Caela will be missed by her almost twin Lexi :|


MIT: Missing In Tank


And yes we looked under the wood cause the tank was stripped and emptied and thoroughly searched. she may have somehow flapped out and found her way into the cats stomach >.<


----------



## TheBlueBettaFish (Jun 30, 2011)

Rest In Peace <3


----------



## Abby (Jan 13, 2011)

thanks


----------



## TheBlueBettaFish (Jun 30, 2011)

Why not take your sorority out, and clean the tank while looking for Caela? 

Rest In Peace <3

_____________________

Fishy Friends-

Betta's: Tom, Sarah, Shark, Red

Guppies: Trouble, Molly, Claire

Algae Eaters: Avon (snail), Sprite (sucker fish)

Fry: 16 guppy fry :shock:

:blueyay:TheBlueBettaFish:blueyay:


----------



## Abby (Jan 13, 2011)

i explained it wrong.
last week my girls were in two tanks 3 in one tank and 2 in the other and scarlet in qt

i bought a 2 foot tank and upgraded them into one tank. both 5 gals were pulled down and are waiting to be cleaned shes gone.
also i lost BOTH catfish. one went missing when the tank was pulled down the other found deceased in the new tank (he may have been squashed by wood my bf was scaping the tank with new wood)


----------



## TheBlueBettaFish (Jun 30, 2011)

Oh. :-(


----------



## Abby (Jan 13, 2011)

Ok ive been away but the mystery was solved.
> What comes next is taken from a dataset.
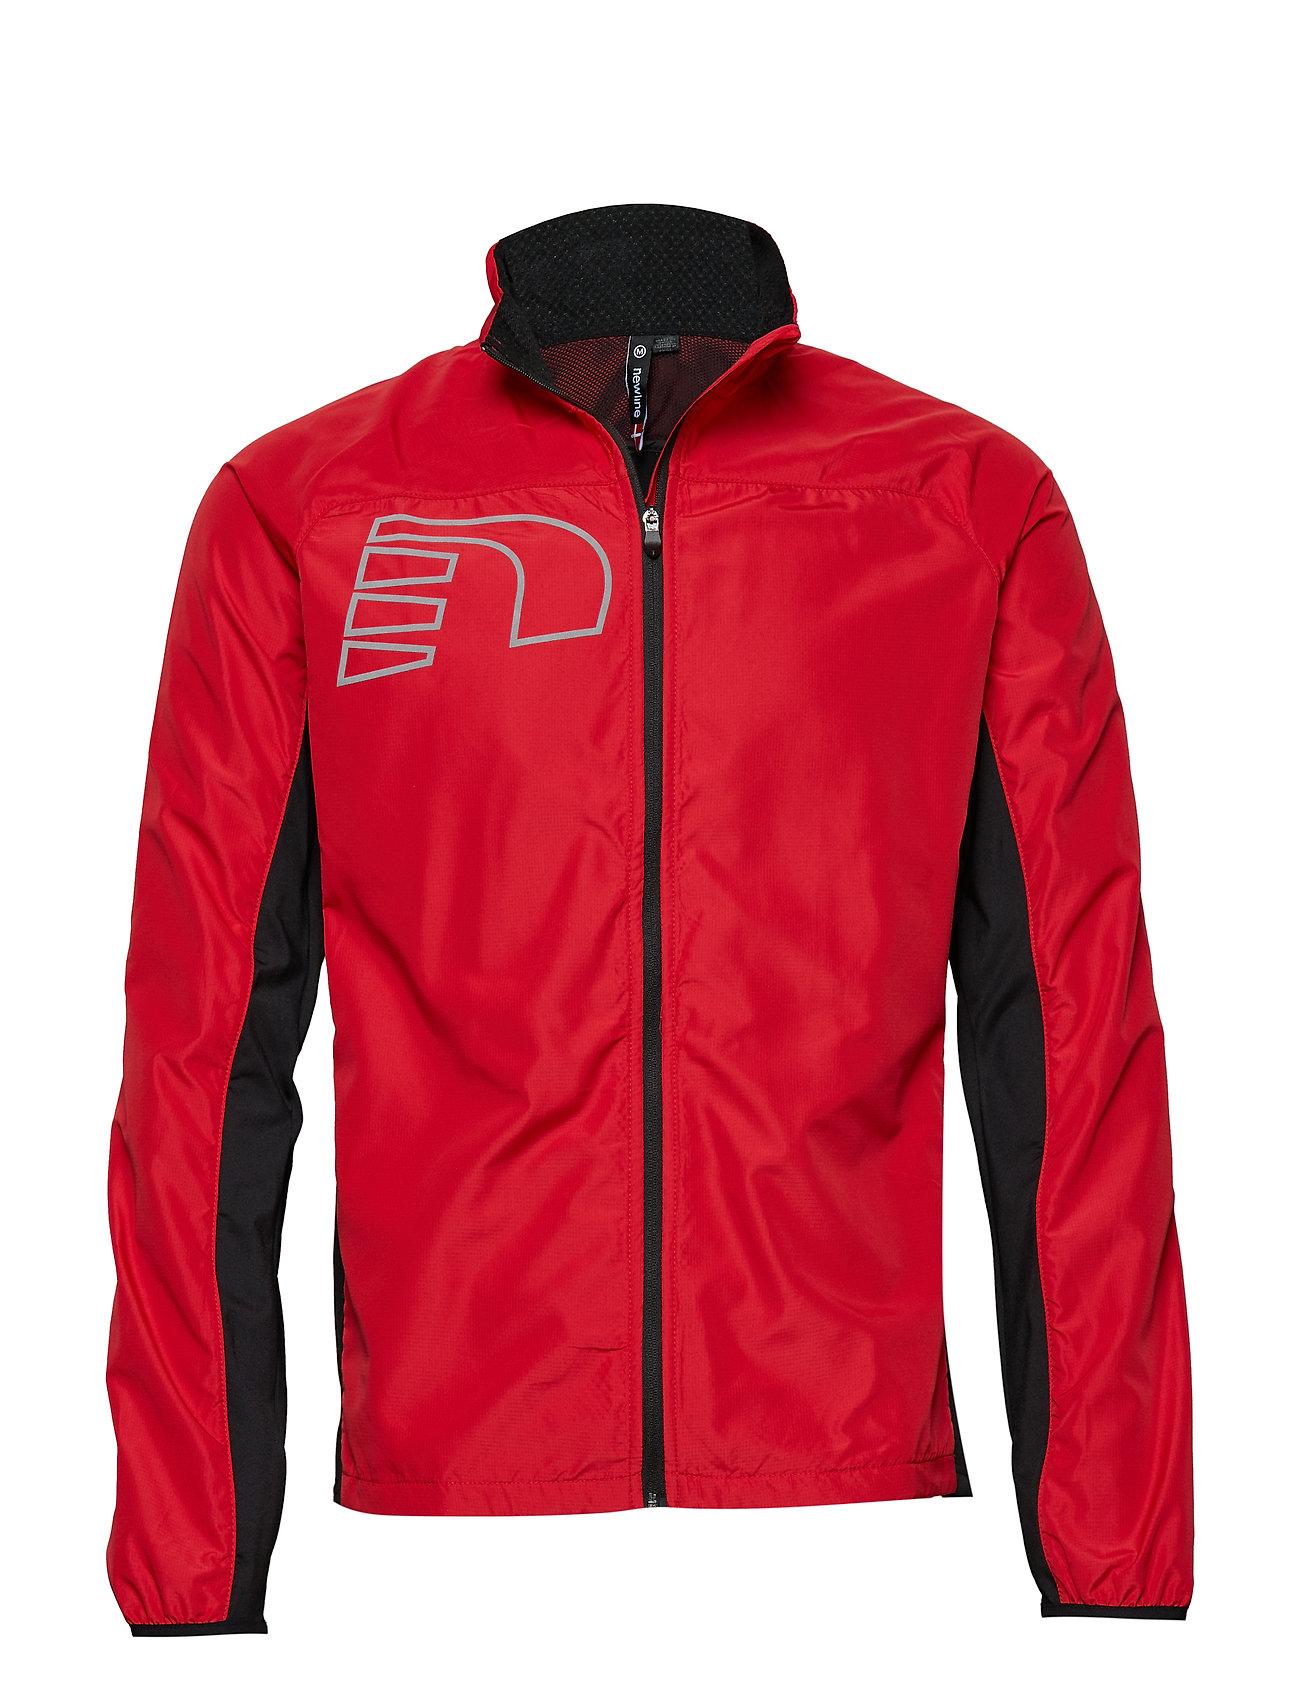 Newline Core Cross Jacket Outerwear Sport Jackets Röd Newline

Caela had lept out but was found under the stand two weeks after she went missing :/


----------



## LittleBettaFish (Oct 2, 2010)

Aw sorry to hear that Abby :-(. I hate that sinking feeling you get when a familiar face doesn't come out to see you. I wish bettas weren't such jumpers. One of mine is so compulsive he has been out 3 or 4 times now. I've lost a beautiful unimaculata male due to jumping out.


----------



## Shimizoki (Jul 8, 2011)

Awwww thats sad, at least now you know.
I'm sorry.


----------



## fishman12 (Sep 1, 2010)

Aww, that stinks. RIP


----------



## dramaqueen (Jul 7, 2008)

I'm sorry. At least the mystery was solved.


----------